### Input data ###

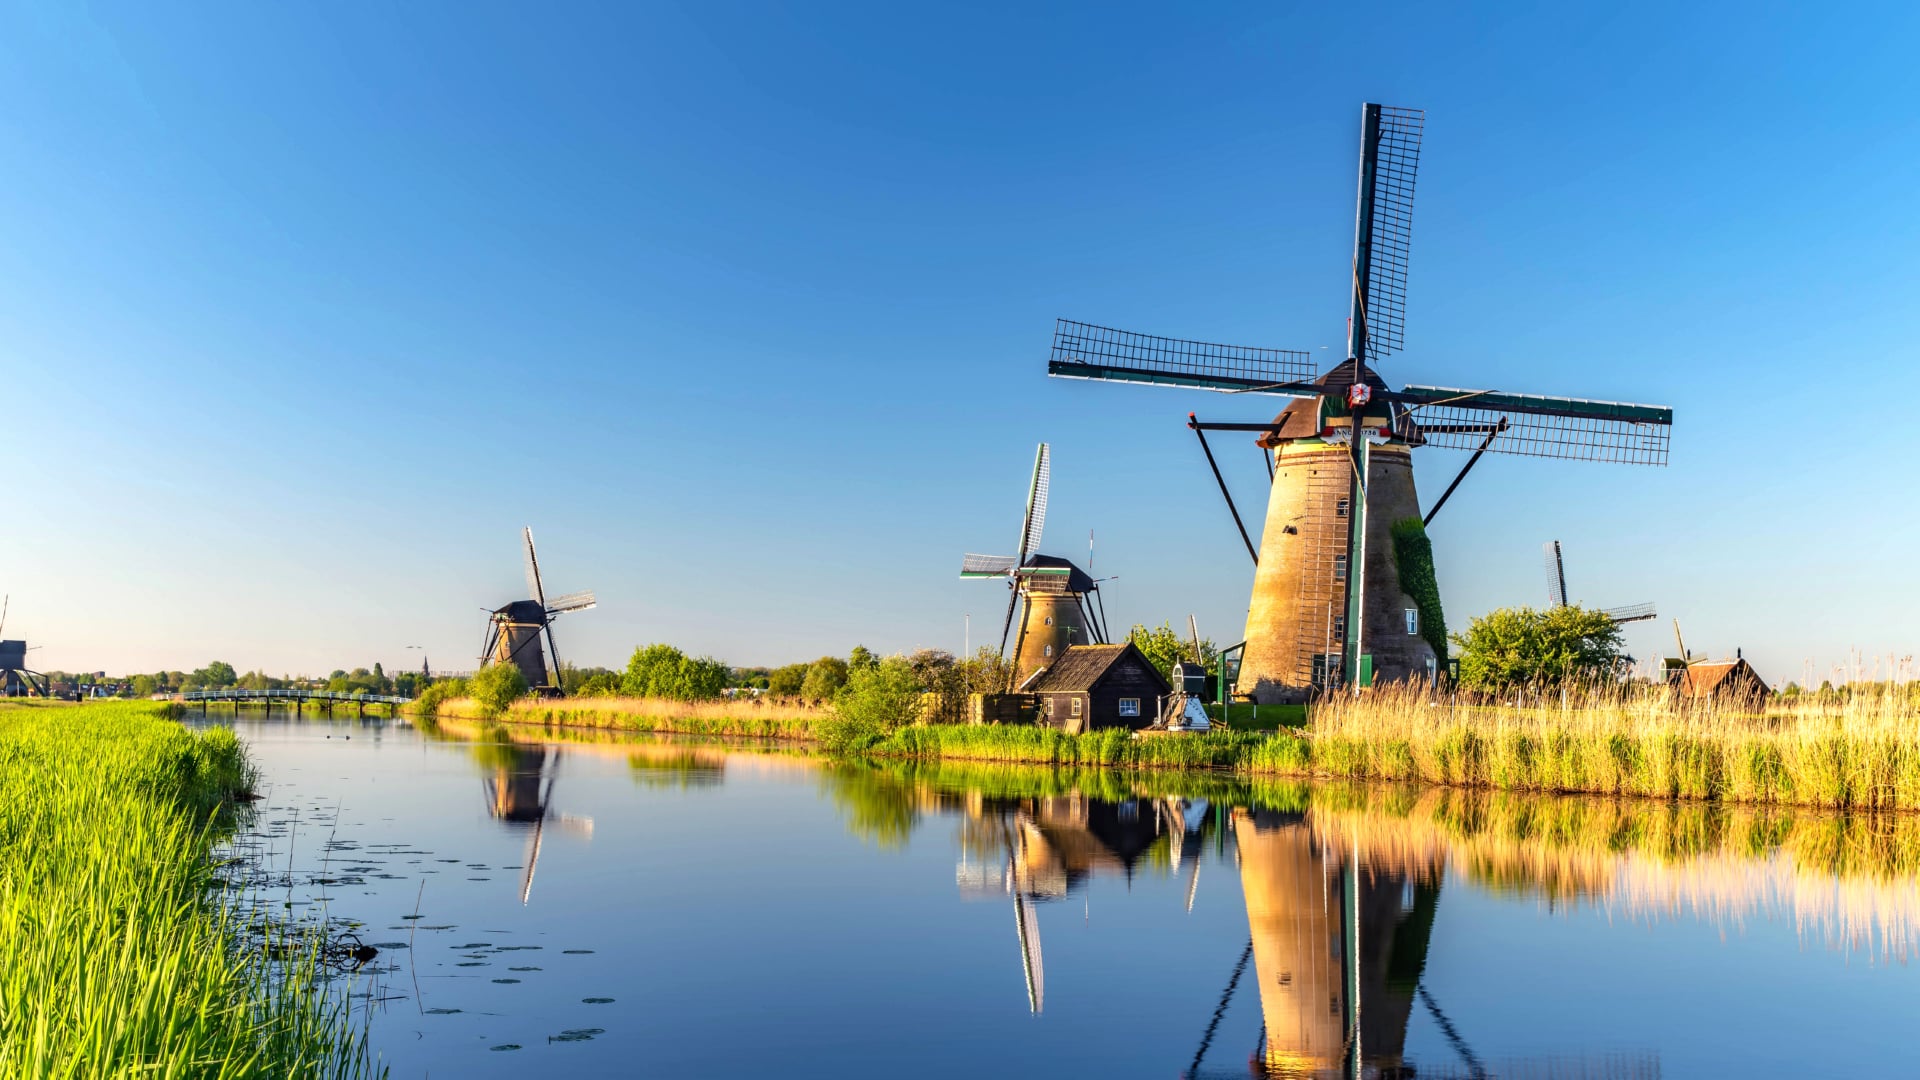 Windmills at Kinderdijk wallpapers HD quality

###
### Input data ###

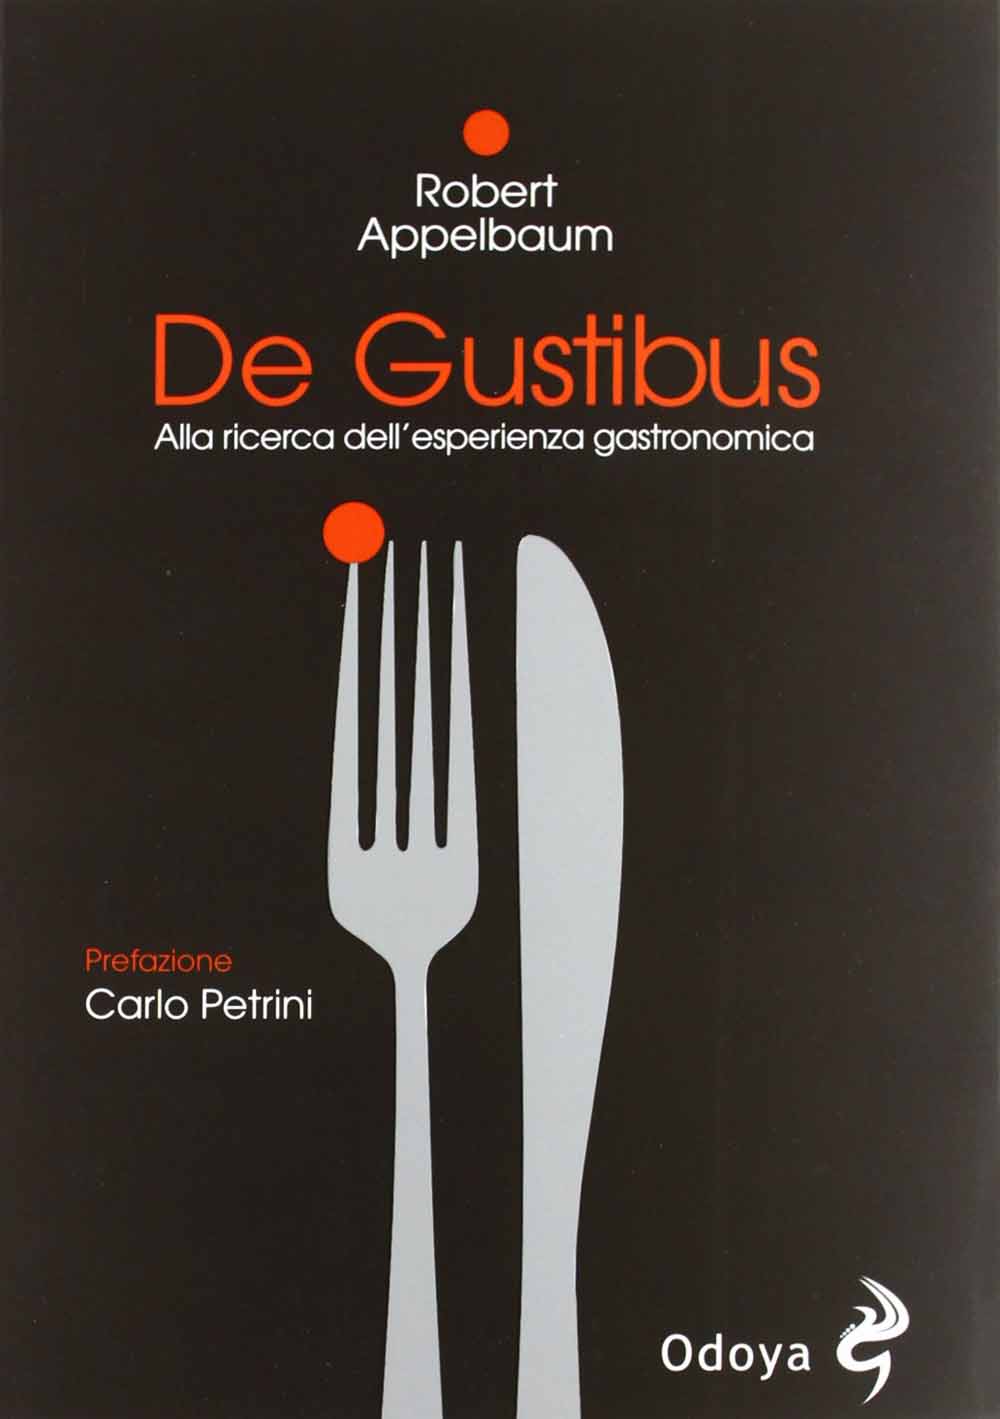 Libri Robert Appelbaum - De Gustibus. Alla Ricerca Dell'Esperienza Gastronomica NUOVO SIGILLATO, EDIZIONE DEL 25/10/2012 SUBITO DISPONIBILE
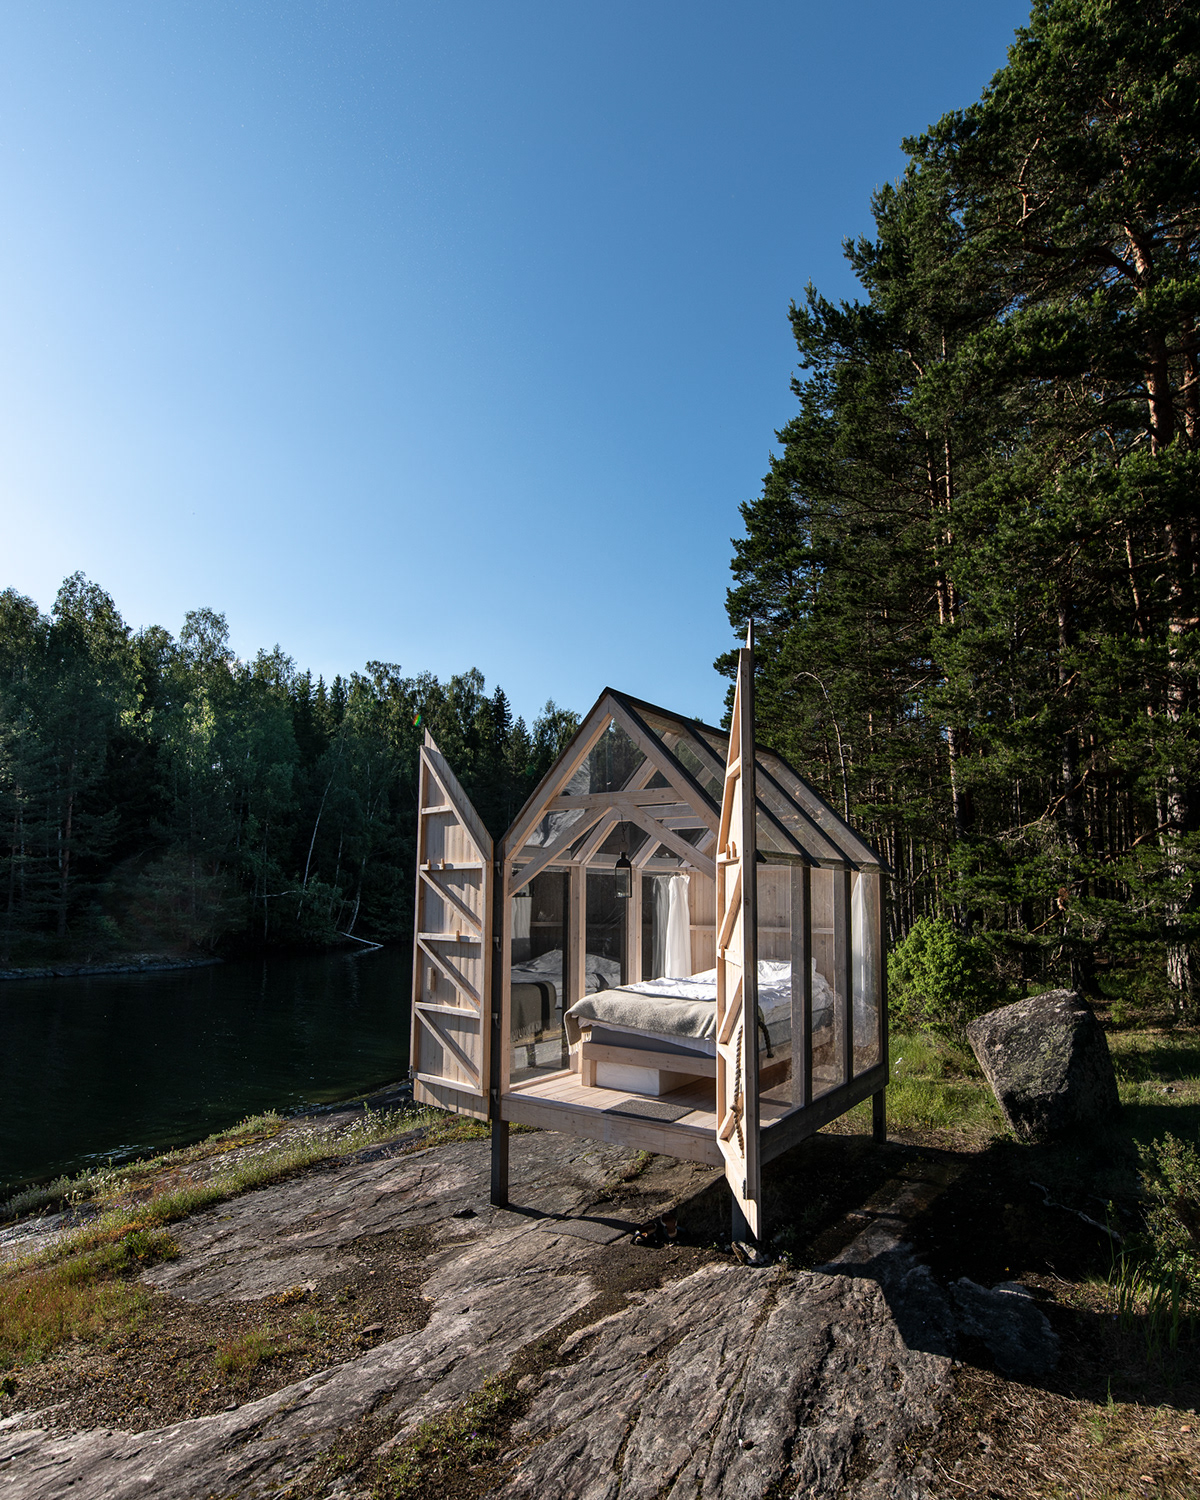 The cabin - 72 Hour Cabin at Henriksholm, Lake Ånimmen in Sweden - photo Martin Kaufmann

###

§ Problem to solve
Retype only the lines above from the one with "Libri Robert Appelbaum" through the one with "The cabin - 72", exactly and with both ends. Images stay out.

§ Solved exercise
 Libri Robert Appelbaum - De Gustibus. Alla Ricerca Dell'Esperienza Gastronomica NUOVO SIGILLATO, EDIZIONE DEL 25/10/2012 SUBITO DISPONIBILE
 The cabin - 72 Hour Cabin at Henriksholm, Lake Ånimmen in Sweden - photo Martin Kaufmann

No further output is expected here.